The former Louisiana State University student who was found guilty of negligent homicide for the hazing death of 18-year-old Phi Delta Theta pledge Max Gruver was sentenced to five years in prison on Wednesday.
Jurors reportedly took just one hour to convict Matthew Naquin in July. The 21-year-old Texas native was also sentenced to three years of probation and 1,000 hours of community service. The judge ordered Naquin to write a letter of apology to the Gruver family, and for every year he is on probation he must go to three separate high schools and give a one-hour talk about hazing, according to WVLA-TV.
He was expelled from LSU in the weeks following Gruver’s death.
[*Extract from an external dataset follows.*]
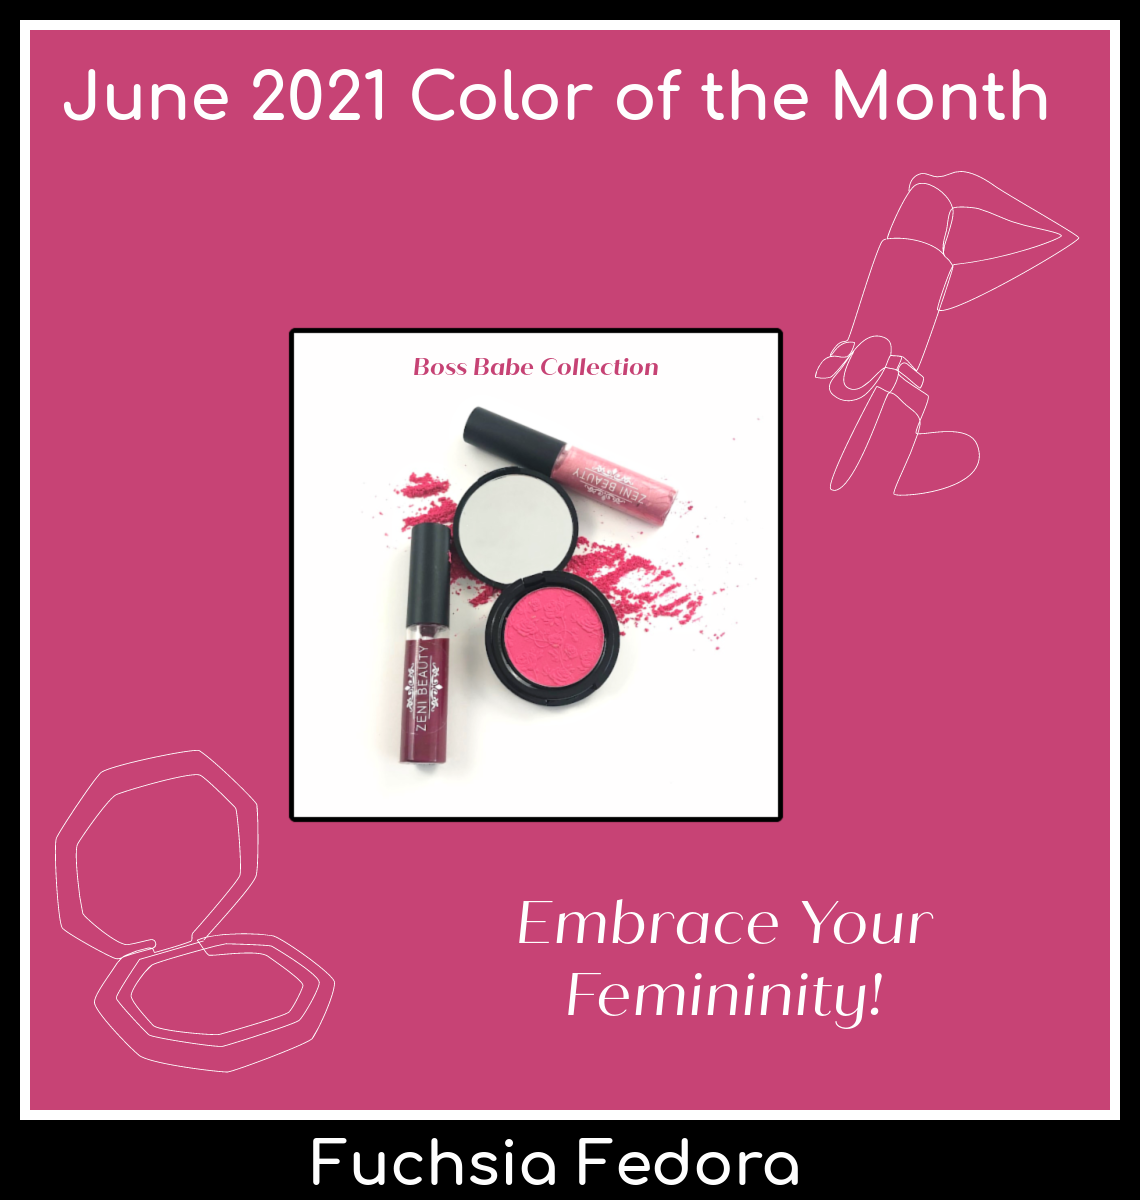 June's Color of the Month is Fuchsia Fedora
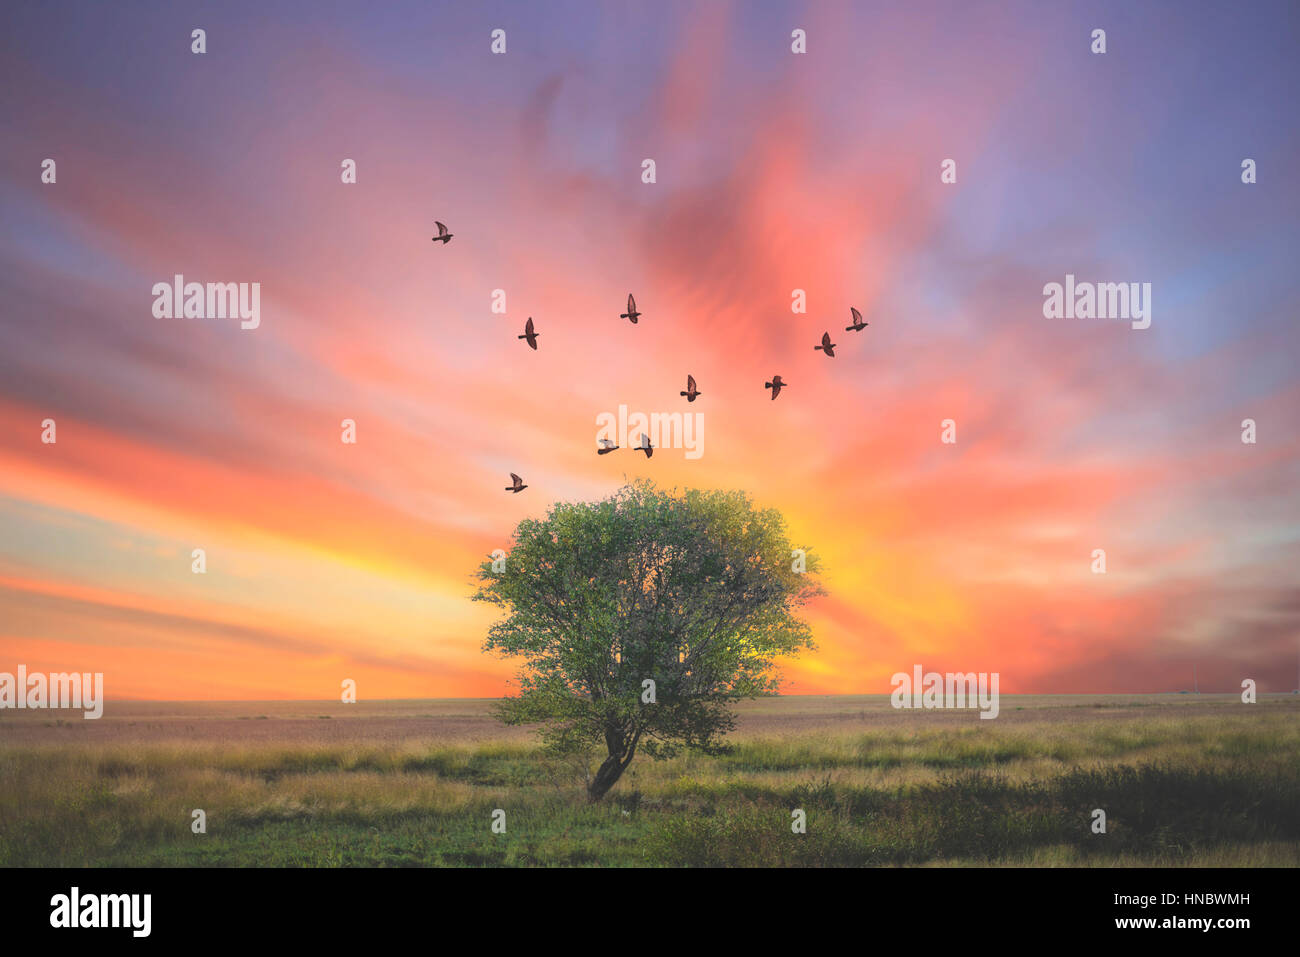 Birds flying over tree at sunset, Plainview, Texas, United States Stock Photo

Gruver died of alcohol poisoning and aspiration—choking on his own vomit—after a hazing ritual called “Bible Study” at the fraternity house on Sept. 13, 2017. During the ritual, prosecutors said Naquin and other fraternity members ordered pledges to stand in a dark hallway facing a wall while loud music played; they were told to chug 190-proof liquor if they could not correctly answer questions about Phi Delta Theta, The Advocate reported.
Witnesses reportedly testified during the trial that Naquin, whom authorities have said was a ringleader of the hazing ritual, targeted Gruver that night because he didn’t want him to join the fraternity. Just two days before Gruver’s death, fraternity brothers said they warned Naquin to tone down his extreme and dangerous interactions with pledges, according to court documents and testimony during the trial.
When he died, Gruver’s blood-alcohol level was 0.495 percent—more than six times the state’s legal limit to drive, according to the local newspaper. Another pledge had testified during trial that he believed Gruver “had not had much experience with drinking.” A toxicology expert said on the stand that Gruver’s high blood-alcohol concentration led to “sleep, coma and death.”
“There was no way his body could get through this,” said the expert, Patricia Williams. “He was a dead man walking at midnight.”
Naquin’s attorney, John McLindon, argued during the trial that he was unfairly singled out by the prosecution and that Gruver continued to drink on his own after the hazing event.
“It was a hazing event, but there were probably 10 other active members up there that night and at least five of them were handing out alcohol,” McLindon told The New York Times. “Matthew didn’t do anything differently from those boys, but he got picked out because he is very loud.”
But East Baton Rouge District Attorney Hillar Moore III countered, in a separate interview with The Times, that Naquin “stood out” through the ferocity with which he tormented pledges that night.
“Everyone kept saying he was the one who led everything, who made people drink more, who asked questions,” Moore said. “This is grain alcohol—this is 180-proof or 190-proof alcohol. It is what they put tissue samples in to study them in a lab, when you have to wear a hood.”
Moore added: “We have never alleged that the defendant wanted him dead or wanted to kill him, but his actions led to this young man’s death.”
Naquin has been separately charged with obstruction of justice after federal agents say he deleted nearly 700 files from his phone minutes after he learned from his attorney that a search warrant had been issued for his device. The FBI never successfully recovered the files. He has not been tried yet on that charge.
After the trial, Max’s mother, Rae Ann Gruver, called the guilty verdict “justice for our son and for the man who caused his death.” Gruver was from Roswell, a suburb of Atlanta.
“We want this to send a message to the country that hazing should not exist,” Stephen Gruver, Max's father, told The Advocate after the conviction. “It’s dangerous and we have to all work together to bring an end to hazing.”
Three other fraternity brothers face misdemeanor hazing charges in the case, two of which have pleaded no contest. Phi Delta Theta has been banned from LSU’s campus until 2033. The school also reportedly convened a task force to study Greek life on campus in the aftermath of Gruver’s death.
“Hazing is an irresponsible and dangerous activity that we do not tolerate at LSU,” a spokesman for the school said after the trial. “These tragedies, and the penalties that follow, can be prevented, and we have been working diligently to put more safeguards, education and reporting outlets in place for our students regarding hazing.”